Problem Set 7

(9.1)

Optics (as well as most of physics) can be derived from a global law as well as a local one, in this case Fermat’s Principle: a light ray chooses the path between two points that minimizes the time to travel between them. Apply this to two points on either side of a dielectric interface to derive Snell’s Law.

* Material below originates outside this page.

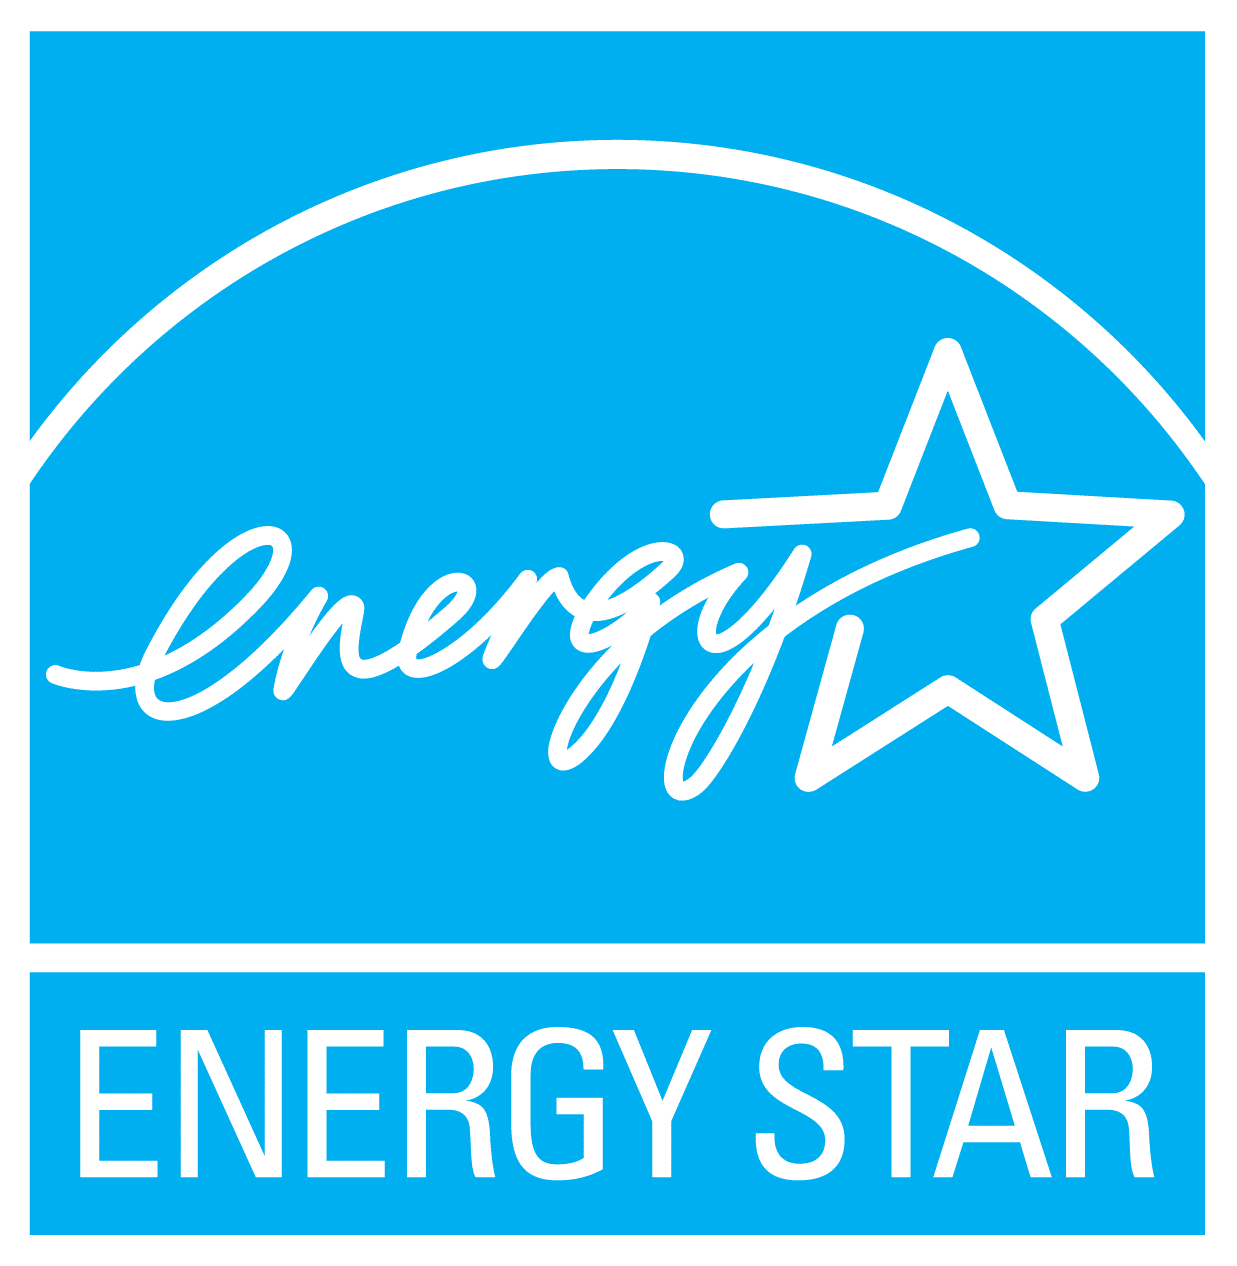 Silescent Lighting LED Lighting Fixtures are Energy Star Certified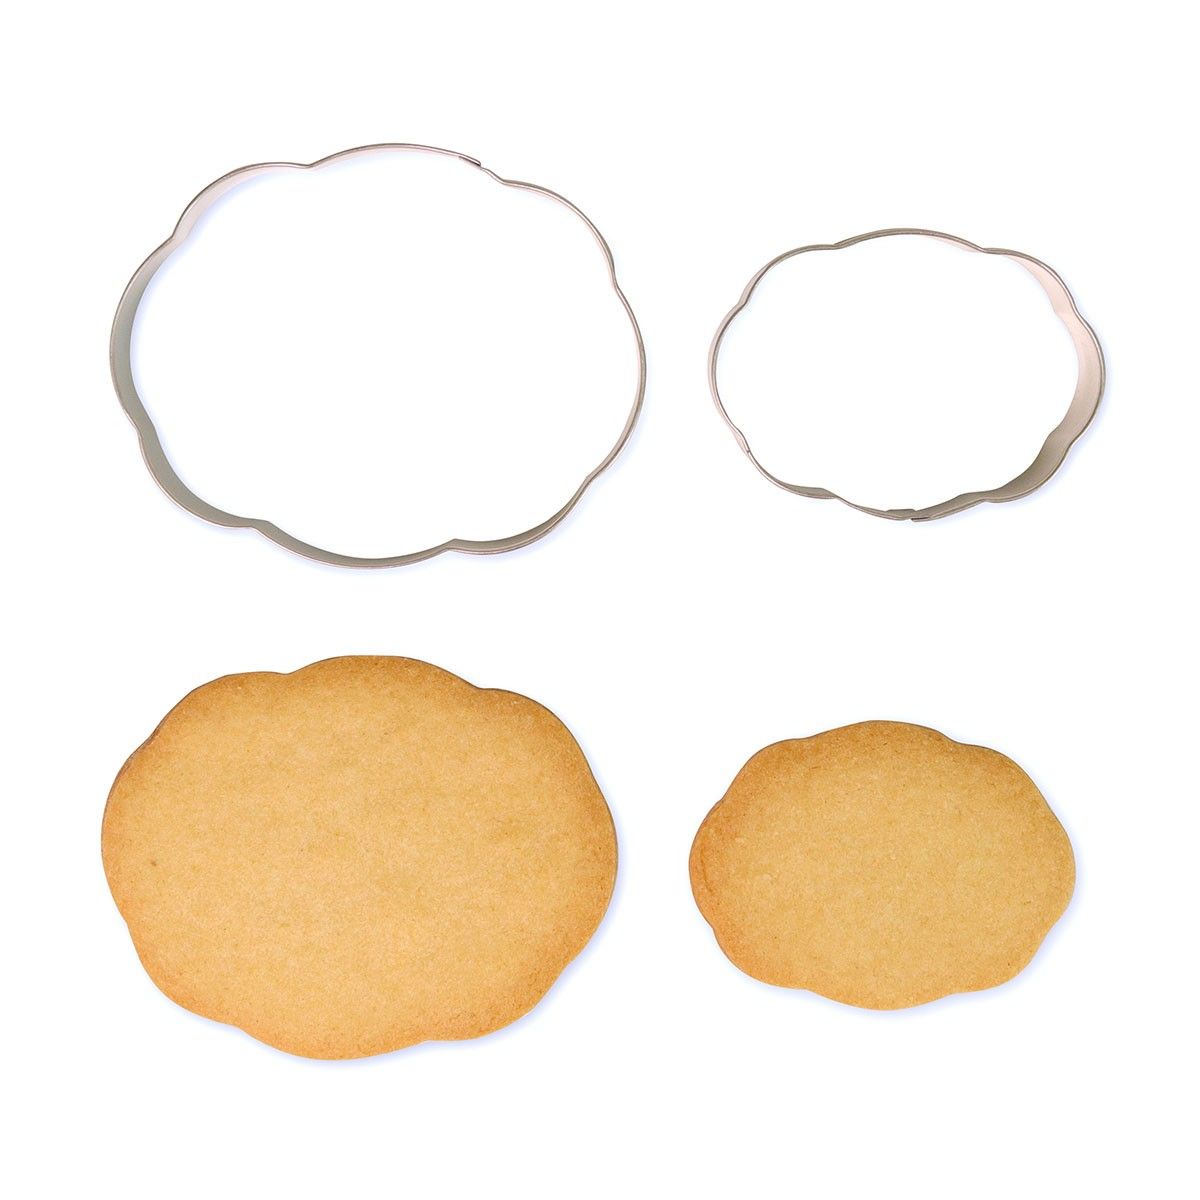 Rounded Plaque Cookie Cutter - Set of 2

Let there be a dialectic interface along the y axis, between media with indices of refraction $n_1$ (left) and $n_2$ (right). The time it takes for light to go from a point $(x_1, y_1)$ on the left to $(x_2, y_2)$ on the right, passing through the interface at height $y$ is

$t = \frac{n_1}{c} \sqrt{x_1^2 + (y_1 - y)^2} + \frac{n_1}{c} \sqrt{x_2^2 + (y_2 - y)^2}$

The derivative of this with respect to $y$ is

$\begin{align*} \frac{dt}{dy} &= \frac{-n_1 (y_1 - y)}{c \sqrt{x_1^2 + (y_1 - y)^2}} + \frac{-n_2 (y_2 - y)}{c \sqrt{x_2^2 + (y_2 - y)^2}} \\ &= -n_1 \sin \theta_1 + n_2 \sin \theta_2 \end{align*}$

since

$\sin \theta_1 = \frac{y_1 - y}{\sqrt{x_1^2 + (y_1 - y)^2}}$

and

$\sin \theta_2 = \frac{y - y_2}{\sqrt{x_2^2 + (y_2 - y)^2}}$

(by SOHCAHTOA). Hence the time of flight is minimized when

$\frac{n_1}{n_2} = \frac{\sin \theta_2}{\sin \theta_1}$

(9.2)

(a)

Use Fresnel’s equations and the Poynting vectors to find the reflectivity and transmissivity of a dielectric interface, defined by the ratios of incoming and outgoing energy.

First note that

$\begin{align*} \sqrt{\frac{\epsilon}{\mu}} &= \sqrt{\frac{\epsilon_0 \epsilon_r}{\mu_0 \mu_r}} \\ &= \sqrt{\frac{\epsilon_0}{\mu_0}} \frac{n}{\mu_r} \\ &\approx \sqrt{\frac{\epsilon_0}{\mu_0}} n \end{align*}$

since most dielectric materials have $\mu_r \approx 1$ .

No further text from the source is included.